Calcium regulation of cell-cell contact and differentiation of epidermal cells in culture. An ultrastructural study.

Calcium modulation of keratinocyte growth in culture was studied by both transmission (TEM) and scanning electron microscopy (SEM). Under standard culture conditions (1.2-1.8 mM calcium), cells were connected by desmosomes and stratified to 4-6 cell layers. Many aspects of in vitro epidermal maturation were analogous to the in vivo process, with formation of keratohyalin granules, loss of nuclei, formation of cornified envelopes and shedding of cornified cells containing keratin filaments. When the medium calcium concentration was lowered to 0.02-0.1 mM, the pattern of keratinocyte growth was strikingly changed. Cells grew as a monolayer with no desmosomal connections and proliferated rapidly, shedding largely non-cornified cells into the medium.
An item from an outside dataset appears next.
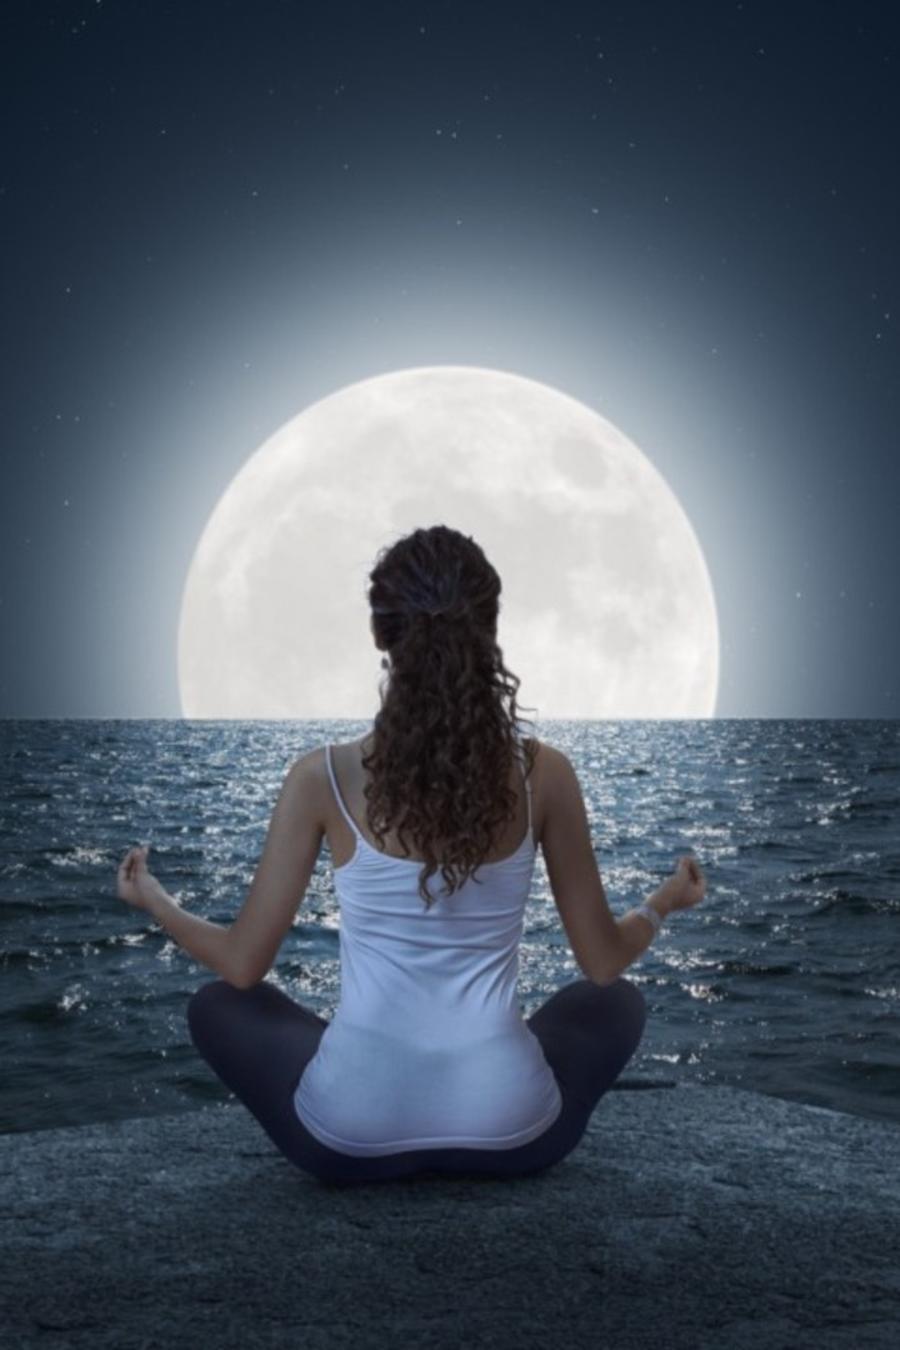 Mujer mirando la luna

Large bundles of keratin filaments were concentrated in the perinuclear cytoplasm. The elevation of extracellular calcium to 1.2 mM induced low calcium keratinocytes to stratify, keratinize and cornify in a manner analogous to that seen when plated in standard calcium medium. The earliest calcium-induced ultrastructural change was the asymmetric formation of desmosomes between adjacent cells. Desmosomal plaques with associated tonofilaments were observed 5 min after calcium addition; symmetric desmosomes were formed within 1-2 h. This system is presented as a useful model for the study of the regulation of desmosome assembly and disassembly.